5. As we make recursive calls to sublists,
6. the big list of people I've yet to invite will shrink,
7. and then selected so far--the people who have showed up to my party--
8. may or may not grow. They may show up or not.
9. So this is a recursive procedure, and every recursive procedure needs a base case
10. or a stopping condition.
11. If there's no one left to invite, then I'll just print out the people we've selected so far.
12. Remember when I drew the tree at the bottom there were 8 answers?
13. When I get down to the end, I want to print out each of those 8 answers.
14. If the big list is not empty, then it has at least 1 element--
15. the current element, I'll call it--and then here I've just put the rest of the list,
16. which is everything after the current element.

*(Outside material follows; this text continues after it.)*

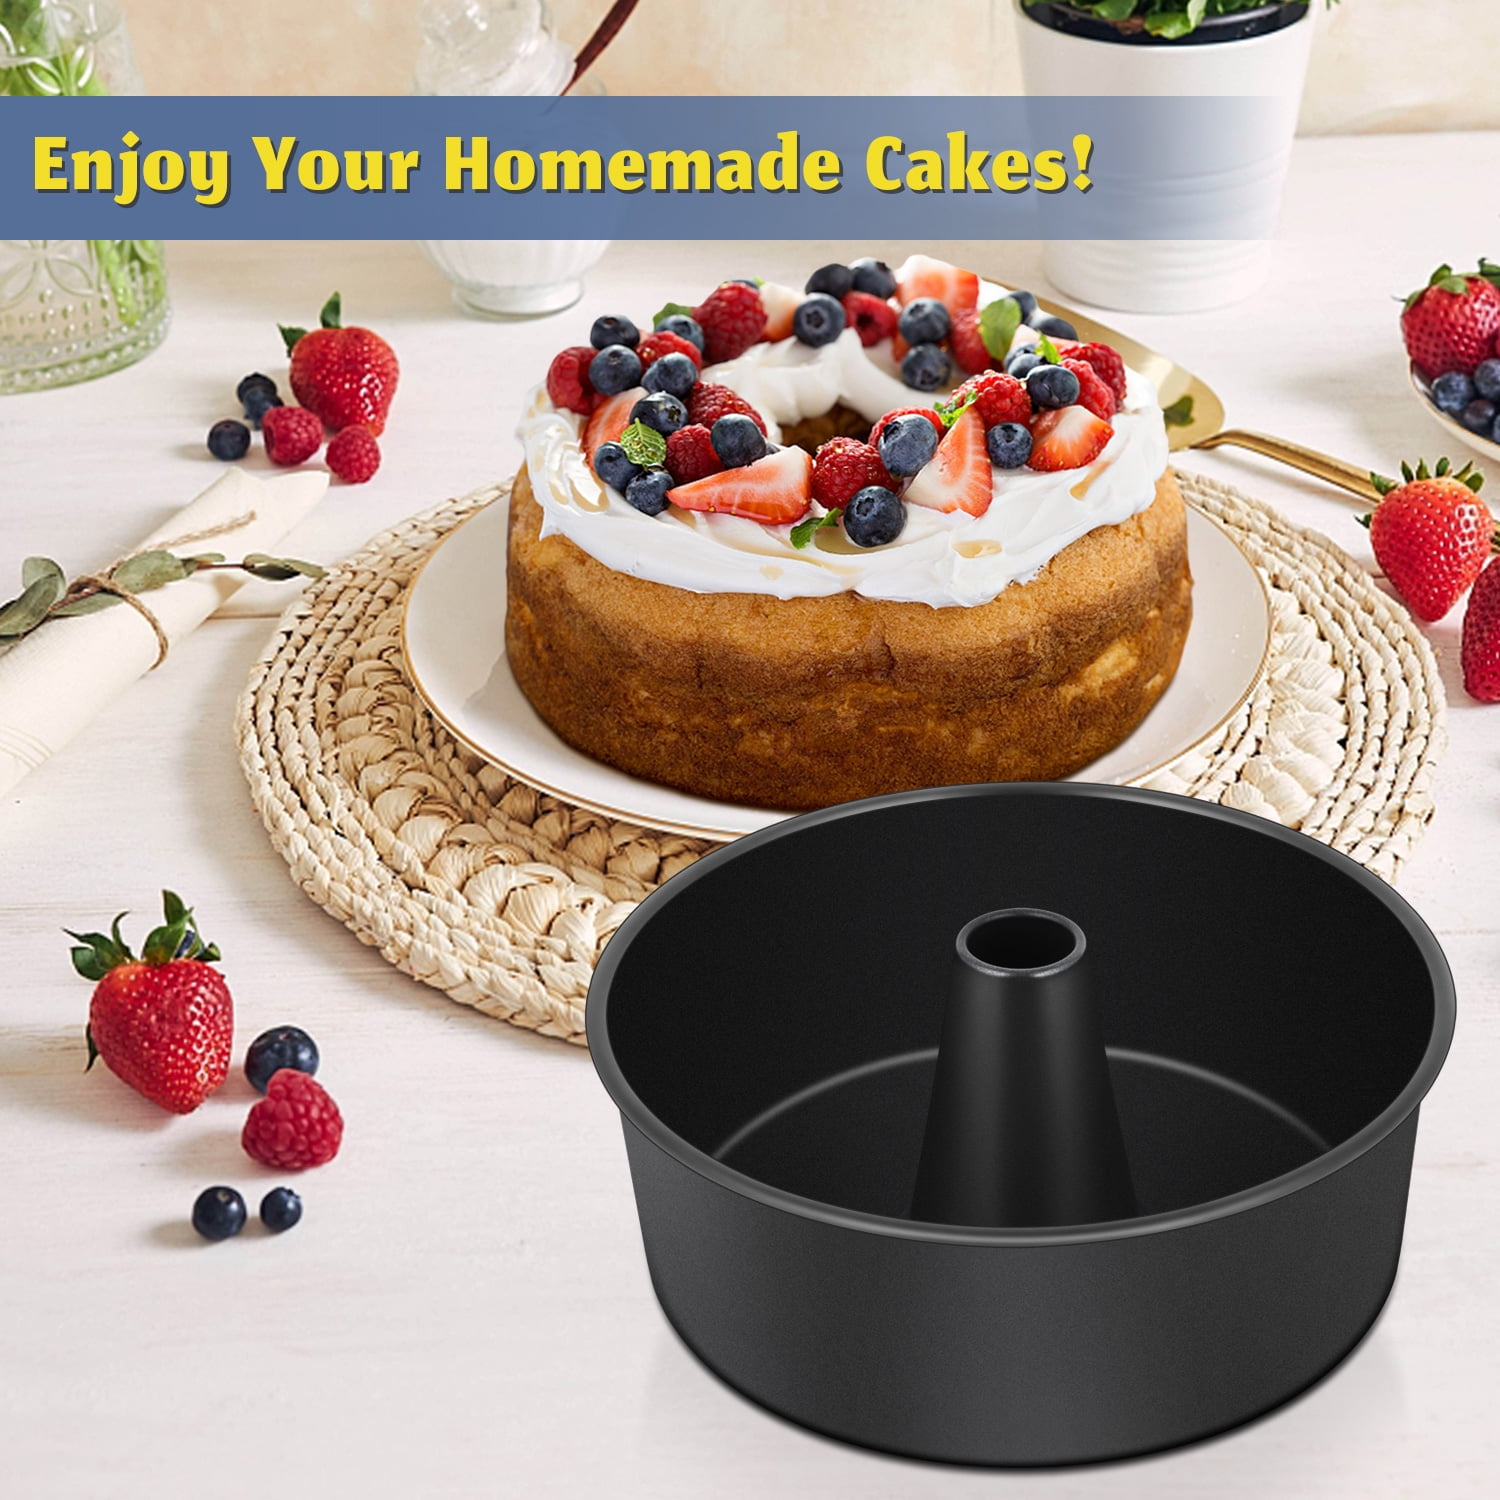 10inch Angel Food Cake Pan, Stainless Steel Pound Cake Pan Mold With Tube,  Hollow For Home/kitchen Baking, Healthy & Non-toxic, Durable & One-piece, M

17. May be empty; may have more things.
18. In this recursive procedure, we're going to call ourselves 2 times.
19. There's 1 case where the current person responds to our dinner invitation
20. and ends up being one of the people we select,
21. and there's another case where they do not. And that's actually it.
22. Here's a test program.
23. My dinner guests are Lucretia Mott, Elizabeth Cady Stanton, and Susan B. Anthony,
24. and I'm going to call sublists, and the big list of people is dinner guests,
25. and the people I've chosen so far is nothing.
26. Let's see if this works.
27. And in fact, we got just the answer we wanted.
28. There's 1 world where everyone shows up,
29. 1 world where no one shows up, 3 worlds with just 1 person,
30. and 3 worlds with 2 people each, for a total of 8.